→ Listed entries
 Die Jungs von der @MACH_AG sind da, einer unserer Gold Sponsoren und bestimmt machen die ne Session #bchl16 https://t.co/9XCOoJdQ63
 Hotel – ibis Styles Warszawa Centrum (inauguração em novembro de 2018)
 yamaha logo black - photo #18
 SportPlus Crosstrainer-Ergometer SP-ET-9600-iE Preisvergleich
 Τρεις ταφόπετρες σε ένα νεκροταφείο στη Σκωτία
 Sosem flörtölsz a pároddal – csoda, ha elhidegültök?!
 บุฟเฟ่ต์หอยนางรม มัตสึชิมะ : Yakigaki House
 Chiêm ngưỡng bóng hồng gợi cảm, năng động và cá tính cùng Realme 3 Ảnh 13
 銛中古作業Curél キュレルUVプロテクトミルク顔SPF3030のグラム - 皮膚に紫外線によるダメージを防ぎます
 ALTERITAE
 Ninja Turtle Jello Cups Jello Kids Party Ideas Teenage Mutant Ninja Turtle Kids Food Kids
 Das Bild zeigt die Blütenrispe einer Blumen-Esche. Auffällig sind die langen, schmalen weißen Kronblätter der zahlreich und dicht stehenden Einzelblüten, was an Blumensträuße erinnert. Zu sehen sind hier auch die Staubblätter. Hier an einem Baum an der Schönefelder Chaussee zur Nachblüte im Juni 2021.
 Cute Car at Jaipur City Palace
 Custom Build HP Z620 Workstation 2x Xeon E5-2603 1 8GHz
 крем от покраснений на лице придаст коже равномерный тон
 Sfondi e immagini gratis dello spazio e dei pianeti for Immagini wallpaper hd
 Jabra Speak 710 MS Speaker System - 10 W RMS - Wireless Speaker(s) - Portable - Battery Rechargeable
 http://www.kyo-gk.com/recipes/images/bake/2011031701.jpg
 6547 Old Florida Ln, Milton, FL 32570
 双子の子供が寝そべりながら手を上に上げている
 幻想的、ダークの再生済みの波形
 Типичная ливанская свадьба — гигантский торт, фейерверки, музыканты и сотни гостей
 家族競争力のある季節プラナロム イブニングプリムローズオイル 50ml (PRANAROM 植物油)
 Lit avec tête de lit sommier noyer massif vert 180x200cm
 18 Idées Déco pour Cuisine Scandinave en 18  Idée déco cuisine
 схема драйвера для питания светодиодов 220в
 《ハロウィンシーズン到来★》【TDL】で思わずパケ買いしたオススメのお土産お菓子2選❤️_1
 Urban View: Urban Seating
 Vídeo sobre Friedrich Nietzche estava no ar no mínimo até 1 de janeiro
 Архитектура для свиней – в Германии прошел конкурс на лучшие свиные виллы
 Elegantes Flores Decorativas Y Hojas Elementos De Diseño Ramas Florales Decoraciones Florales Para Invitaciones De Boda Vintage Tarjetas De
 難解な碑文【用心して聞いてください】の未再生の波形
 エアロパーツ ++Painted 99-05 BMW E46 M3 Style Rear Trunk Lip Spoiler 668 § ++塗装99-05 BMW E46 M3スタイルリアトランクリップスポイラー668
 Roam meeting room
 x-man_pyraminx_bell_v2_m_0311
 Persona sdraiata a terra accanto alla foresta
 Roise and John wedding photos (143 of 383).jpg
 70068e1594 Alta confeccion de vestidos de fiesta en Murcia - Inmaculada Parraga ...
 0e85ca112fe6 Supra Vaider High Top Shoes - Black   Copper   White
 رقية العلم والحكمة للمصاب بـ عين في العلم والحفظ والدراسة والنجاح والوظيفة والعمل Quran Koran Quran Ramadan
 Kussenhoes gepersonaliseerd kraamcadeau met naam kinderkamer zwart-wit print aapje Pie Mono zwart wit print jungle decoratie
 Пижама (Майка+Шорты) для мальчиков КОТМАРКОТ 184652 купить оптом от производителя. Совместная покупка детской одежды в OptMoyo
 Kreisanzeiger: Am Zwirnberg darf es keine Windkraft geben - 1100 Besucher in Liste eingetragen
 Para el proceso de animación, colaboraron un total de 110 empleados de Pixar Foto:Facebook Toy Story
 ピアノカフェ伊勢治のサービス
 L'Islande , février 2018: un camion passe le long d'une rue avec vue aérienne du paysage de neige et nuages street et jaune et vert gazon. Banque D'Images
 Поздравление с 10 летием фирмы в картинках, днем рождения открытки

→ Brief
Nothing may be left out or altered: reproduce the complete listing.

→ Response to the exercise
 Die Jungs von der @MACH_AG sind da, einer unserer Gold Sponsoren und bestimmt machen die ne Session #bchl16 https://t.co/9XCOoJdQ63
 Hotel – ibis Styles Warszawa Centrum (inauguração em novembro de 2018)
 yamaha logo black - photo #18
 SportPlus Crosstrainer-Ergometer SP-ET-9600-iE Preisvergleich
 Τρεις ταφόπετρες σε ένα νεκροταφείο στη Σκωτία
 Sosem flörtölsz a pároddal – csoda, ha elhidegültök?!
 บุฟเฟ่ต์หอยนางรม มัตสึชิมะ : Yakigaki House
 Chiêm ngưỡng bóng hồng gợi cảm, năng động và cá tính cùng Realme 3 Ảnh 13
 銛中古作業Curél キュレルUVプロテクトミルク顔SPF3030のグラム - 皮膚に紫外線によるダメージを防ぎます
 ALTERITAE
 Ninja Turtle Jello Cups Jello Kids Party Ideas Teenage Mutant Ninja Turtle Kids Food Kids
 Das Bild zeigt die Blütenrispe einer Blumen-Esche. Auffällig sind die langen, schmalen weißen Kronblätter der zahlreich und dicht stehenden Einzelblüten, was an Blumensträuße erinnert. Zu sehen sind hier auch die Staubblätter. Hier an einem Baum an der Schönefelder Chaussee zur Nachblüte im Juni 2021.
 Cute Car at Jaipur City Palace
 Custom Build HP Z620 Workstation 2x Xeon E5-2603 1 8GHz
 крем от покраснений на лице придаст коже равномерный тон
 Sfondi e immagini gratis dello spazio e dei pianeti for Immagini wallpaper hd
 Jabra Speak 710 MS Speaker System - 10 W RMS - Wireless Speaker(s) - Portable - Battery Rechargeable
 http://www.kyo-gk.com/recipes/images/bake/2011031701.jpg
 6547 Old Florida Ln, Milton, FL 32570
 双子の子供が寝そべりながら手を上に上げている
 幻想的、ダークの再生済みの波形
 Типичная ливанская свадьба — гигантский торт, фейерверки, музыканты и сотни гостей
 家族競争力のある季節プラナロム イブニングプリムローズオイル 50ml (PRANAROM 植物油)
 Lit avec tête de lit sommier noyer massif vert 180x200cm
 18 Idées Déco pour Cuisine Scandinave en 18  Idée déco cuisine
 схема драйвера для питания светодиодов 220в
 《ハロウィンシーズン到来★》【TDL】で思わずパケ買いしたオススメのお土産お菓子2選❤️_1
 Urban View: Urban Seating
 Vídeo sobre Friedrich Nietzche estava no ar no mínimo até 1 de janeiro
 Архитектура для свиней – в Германии прошел конкурс на лучшие свиные виллы
 Elegantes Flores Decorativas Y Hojas Elementos De Diseño Ramas Florales Decoraciones Florales Para Invitaciones De Boda Vintage Tarjetas De
 難解な碑文【用心して聞いてください】の未再生の波形
 エアロパーツ ++Painted 99-05 BMW E46 M3 Style Rear Trunk Lip Spoiler 668 § ++塗装99-05 BMW E46 M3スタイルリアトランクリップスポイラー668
 Roam meeting room
 x-man_pyraminx_bell_v2_m_0311
 Persona sdraiata a terra accanto alla foresta
 Roise and John wedding photos (143 of 383).jpg
 70068e1594 Alta confeccion de vestidos de fiesta en Murcia - Inmaculada Parraga ...
 0e85ca112fe6 Supra Vaider High Top Shoes - Black   Copper   White
 رقية العلم والحكمة للمصاب بـ عين في العلم والحفظ والدراسة والنجاح والوظيفة والعمل Quran Koran Quran Ramadan
 Kussenhoes gepersonaliseerd kraamcadeau met naam kinderkamer zwart-wit print aapje Pie Mono zwart wit print jungle decoratie
 Пижама (Майка+Шорты) для мальчиков КОТМАРКОТ 184652 купить оптом от производителя. Совместная покупка детской одежды в OptMoyo
 Kreisanzeiger: Am Zwirnberg darf es keine Windkraft geben - 1100 Besucher in Liste eingetragen
 Para el proceso de animación, colaboraron un total de 110 empleados de Pixar Foto:Facebook Toy Story
 ピアノカフェ伊勢治のサービス
 L'Islande , février 2018: un camion passe le long d'une rue avec vue aérienne du paysage de neige et nuages street et jaune et vert gazon. Banque D'Images
 Поздравление с 10 летием фирмы в картинках, днем рождения открытки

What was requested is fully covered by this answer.